Regarding serialization: To be able to correctly represent a UPath, you basically have to consider UPath().protocol, UPath().path and UPath().storage_options. In many cases users interact with universal-pathlib (and with fsspec) in terms of "urlpaths", which can be thought of as the uri string version of the three combined. The caveat here is that for many filesystems not all information can be represented as a urlpath. So the conversion from
protocol: str
path: str
storage_options: Mapping[str, Any] # could be more specficially typed per filesystem
to urlpath: str is lossy.
case 1
That being said, there are many cases in which a trivial representation of:
f"{protocol}://{path}" # i.e. memory:///a/b/c, file:///a/b/c, ...
is enough, because storage_options are most likely empty.
case 2
Then there are a few cases where the relevant storage_options can be easily serialized, because they have values of types that can be represented easily in json.

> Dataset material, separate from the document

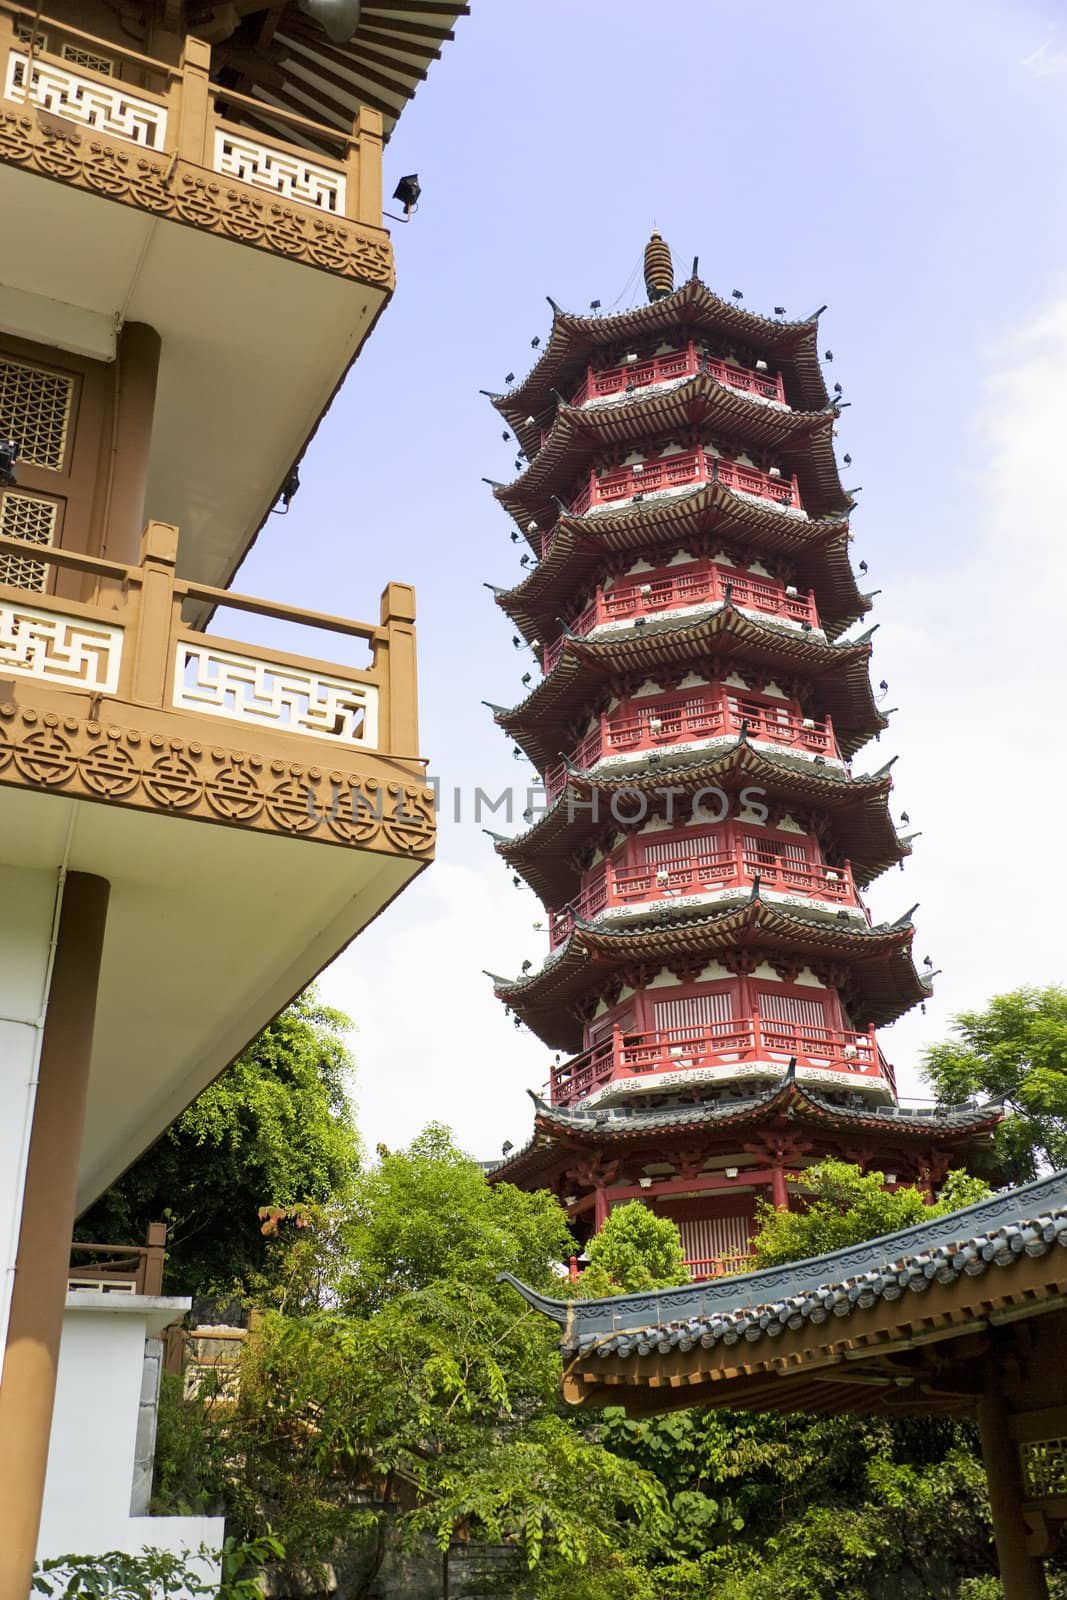 Image of the Mulong Lake pagoda and buildings at Guilin, China.

UPath("s3:///bucket/a/b/c", anon=True)
case 3
Some storage options are more complicated to serialize, examples are the ones that @andrewfulton9 mentioned in the comment above. We could think of options where we fall back to pickling those, or drop them from the serialization.
case 4
Once chaining support is fully available storage_option serialization is crucial, because the chained filesystems are nested in the storage_options.
protocol = "simplecache"
path = "/a/b/c"
storage_options={
"target_protocol": "memory"
"target_options": {"someoption": "somevalue", ...}
}
support
I think we can start supporting case 1 and 2, and raise an exception in case 3. That way some of the users will be able to have fully functioning support for this, and we can think about how to enable case 3 further down the line.
@ap-- @andrewfulton9 I've opened a PR for case 1 and 2 in #395.